You can build and customize connections managed by your organization. These can index data from apps such as Salesforce, Oracle SQL and Azure DevOps. Connections listed as Search under Connected experiences count toward your search connection quota utilization.

    Previously, to index third-party data into Microsoft Graph through Microsoft Graph connectors, you either needed to have a built-in entitlement through specific licenses (e.g., 500 items of index quota per Microsoft Copilot for Microsoft 365 license) or purchase add-on quota. With this change, the index quota per license entitlement is removed, as is add-on cost for additional quota. You now receive an entitlement of 50 million items for each tenant.

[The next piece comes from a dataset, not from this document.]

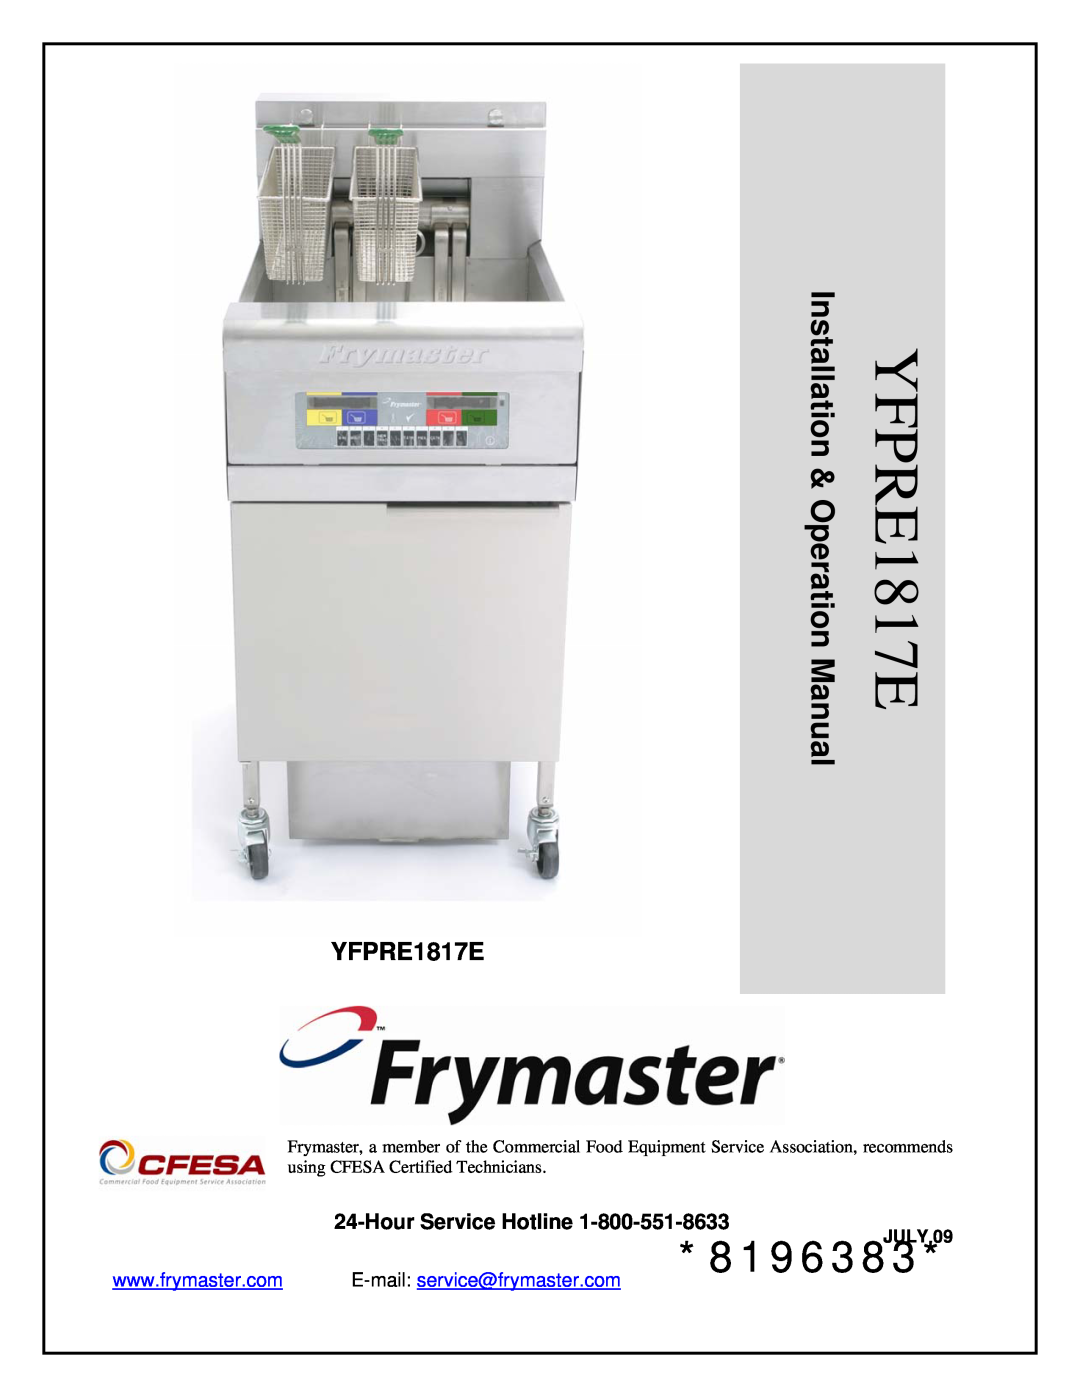 Frymaster YFPRE1817E operation manual 8196383, E-mail service@frymaster.com, July

    Each entity (or record) from the source data system that you add to Microsoft Graph can be considered an item which then shows up as a unique citation in Copilot’s responses, as a unique search result in Microsoft Search, etc. Depending on the type of data source, 1 item is –

    • 1 document (word, excel, ppt, pdf, etc.) in file share
    • 1 wiki page in Confluence
    • 1 webpage in a website
    • 1 ticket/issue in Jira

    Total quota utilized is calculated in terms of total items stored in the index. Updates/changes to an item are not counted in any manner. There are no cost implications of updating an item multiple times. It still counts as 1 item only.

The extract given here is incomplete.